The baseline follows the following steps, please check the code in `run.py`:
1. **Pre-train** - We train a simple Resnet model on the pre-training dataset during the pre-train phase. Model can be found at `baseline_utils\model.py` and training loop under `baseline_utils\training.py`
2. **Random purchase** - 20% of the purchase budget is used to make random purchases. While it may seem wasteful, it will help in case the training and unlabelled datasets distributions vary too much.
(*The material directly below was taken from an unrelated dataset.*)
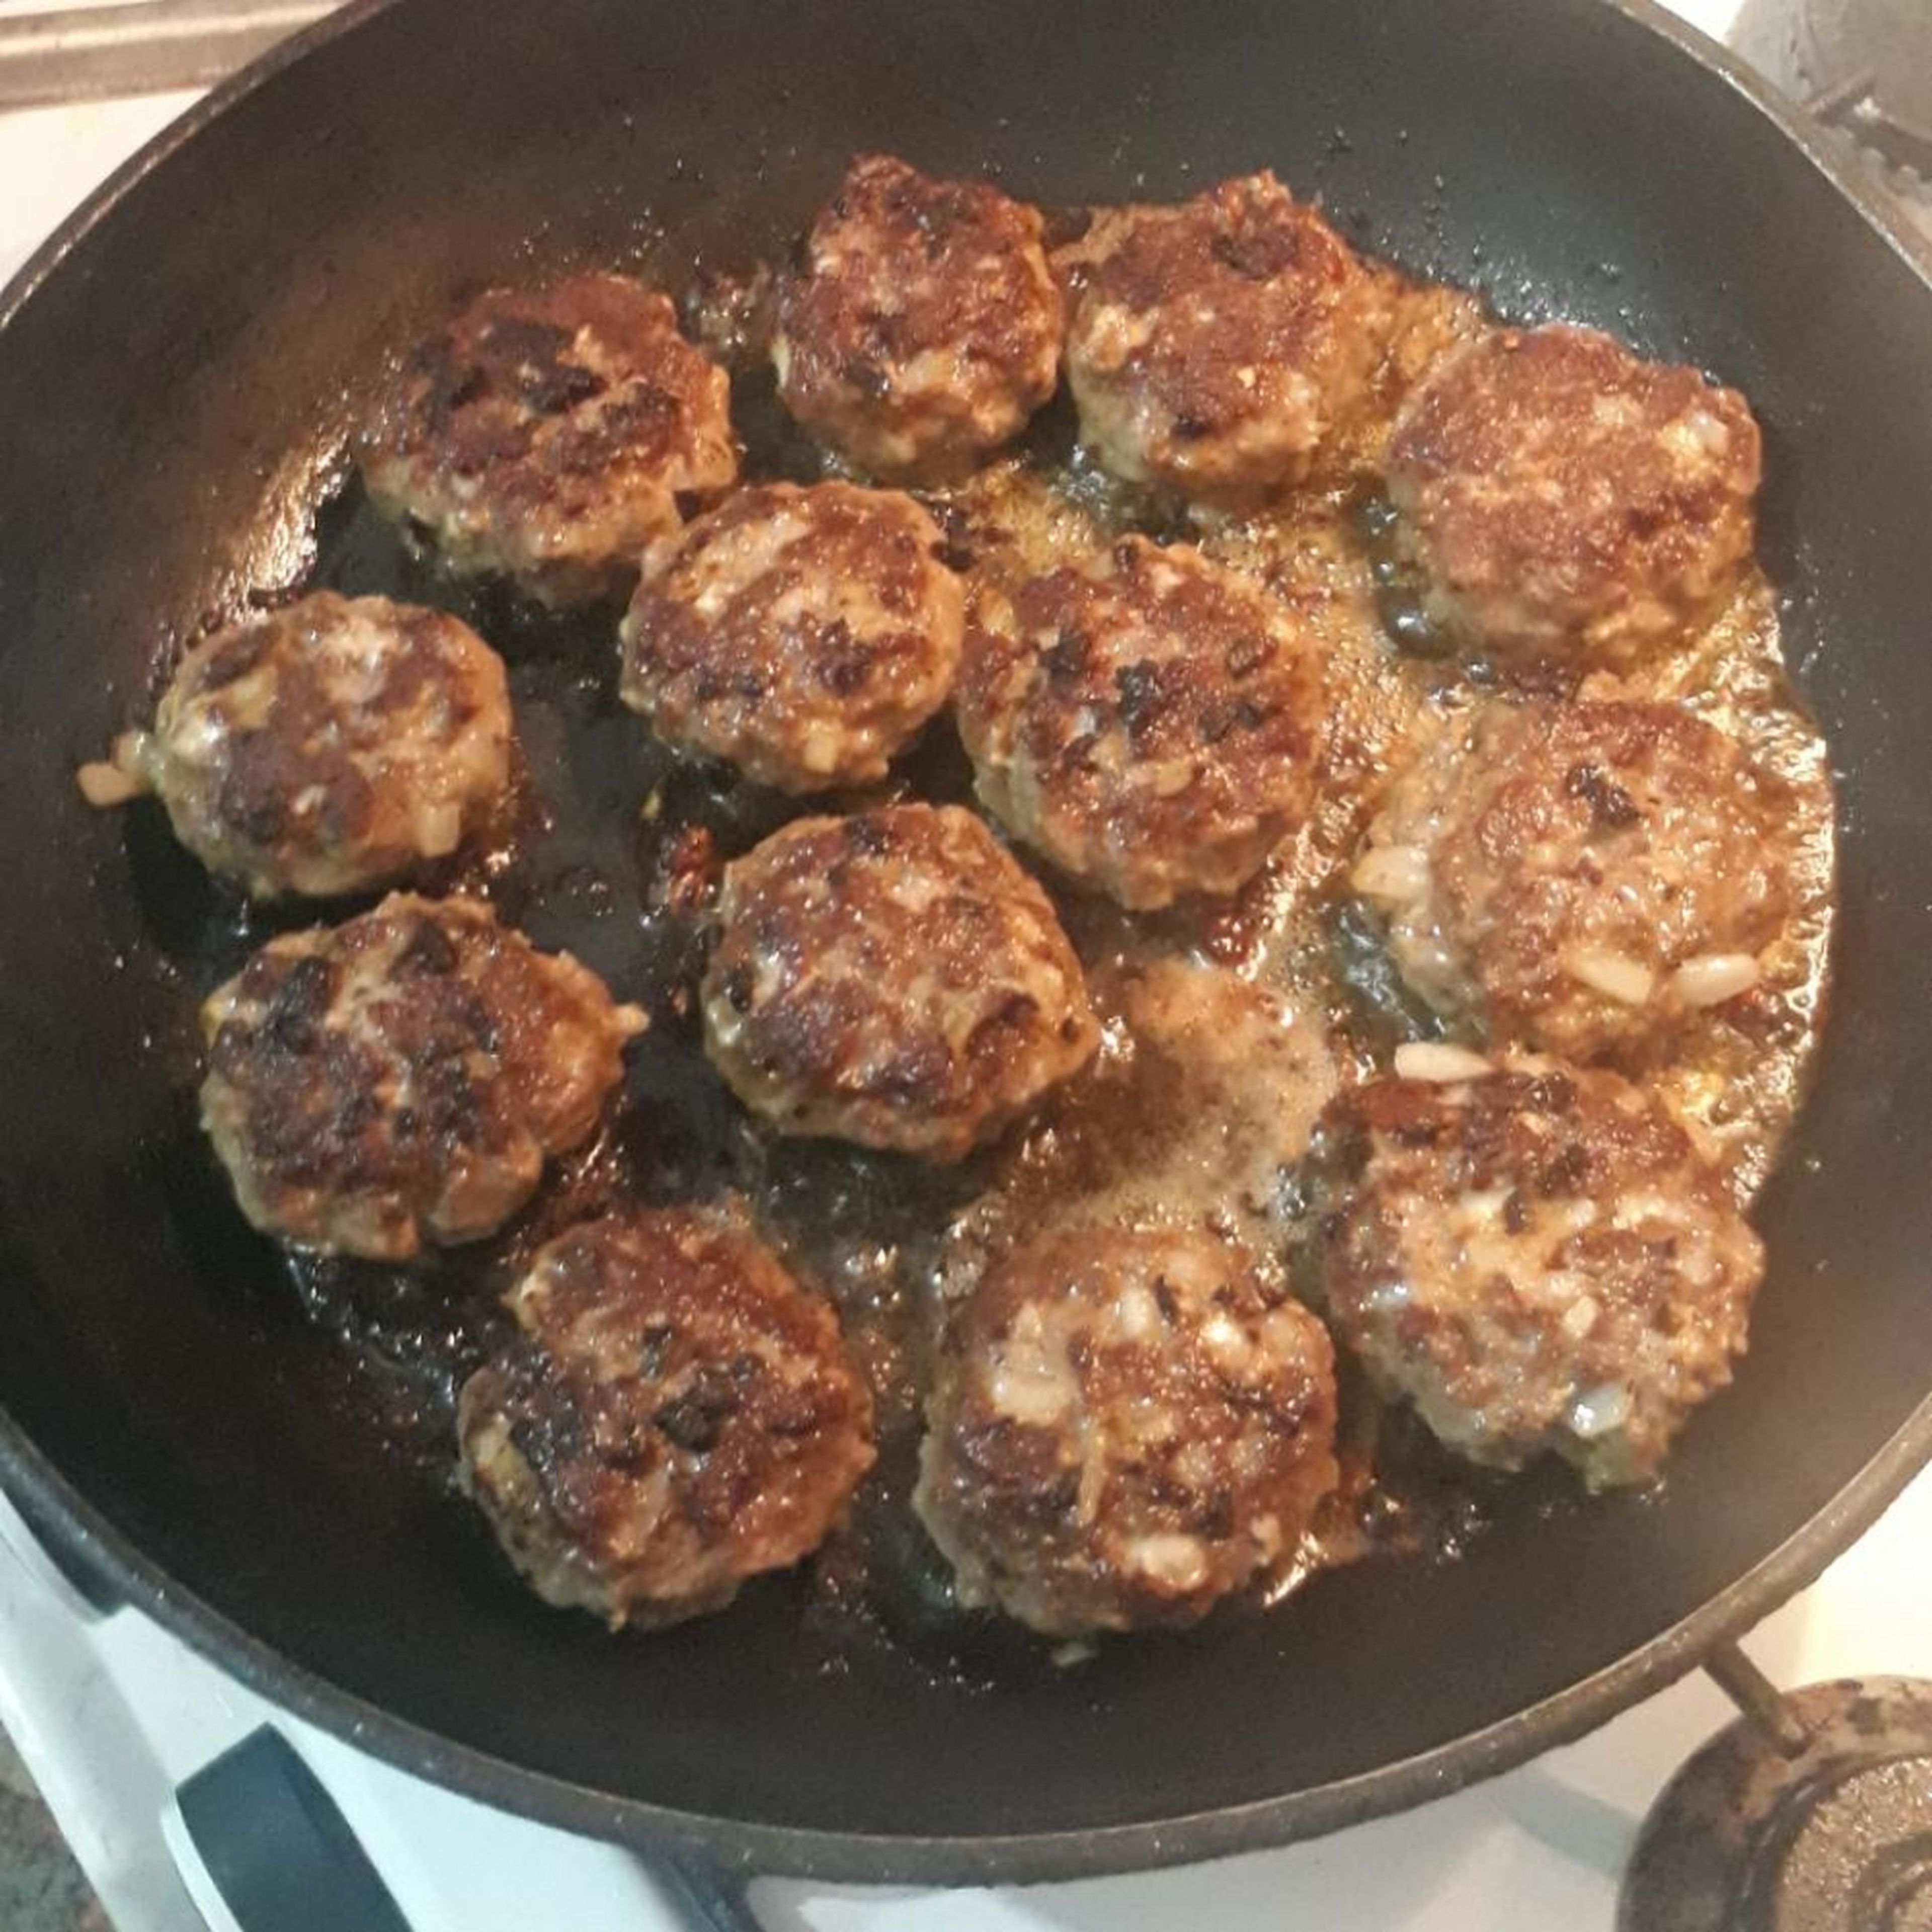 When both sides of meatballs are turn dark brown you can put away them.

Possibly conditional ideas can be applied here depending on how much the distributions vary based on these random purchases.
3. **Train and Predict** - With the extra labels purchased, further train and predict the labels for the rest of the unlabelled images.
4. **Purchase with more labels** - Use the predicted labels to purchase 30% of the budget for the images that have the most labels predicted. Here a straightforward threshold and count is used, but other ideas like adding the softmax probabilities can be used as well. Code can be found at `purchase_strategies\morelabels_purchase.py`
5. **Purchase uncertain** - 30% of the budget is used to purchase uncertain labels. Here a simple and fast heuristic is used to find uncertainty. This is based on the assumption that the probabilities close to 1 or 0 are "certain". Please note that this is not always the case with deep learning models, so feel free to try out other uncertainty methods. Code can be found at `purchase_strategies\purchase_uncertain.py`
6. **Balance Labels** - The rest of the budget is used to balance the labels. Label balancing can be tricky in multilabel settings because one needs to compute which set of label matches the closest to get the target distribution needed. Here we have setup a heuristic to find the a simple difference in current and target distributions and normalized it to find the closest prediction that matches this distribution. Code can be found at `purchase_strategies\balance_labels.py`
It should be noted that all these strategies depend on good predictions by the pre-trained model, so improving that model should also help purchase better labels.
# 💪 Getting Started
## Download Dataset
......
  • dmytro @dmytro ·

    Hey folks, i recommend this cool site register an account they offer betting on various sports like football, basketball, tennis, and golf. i suggest checking out the site because you can pick events that match your interests, and there are good bonuses for both new and regular customers.

0% Loading or .
You are about to add 0 people to the discussion. Proceed with caution.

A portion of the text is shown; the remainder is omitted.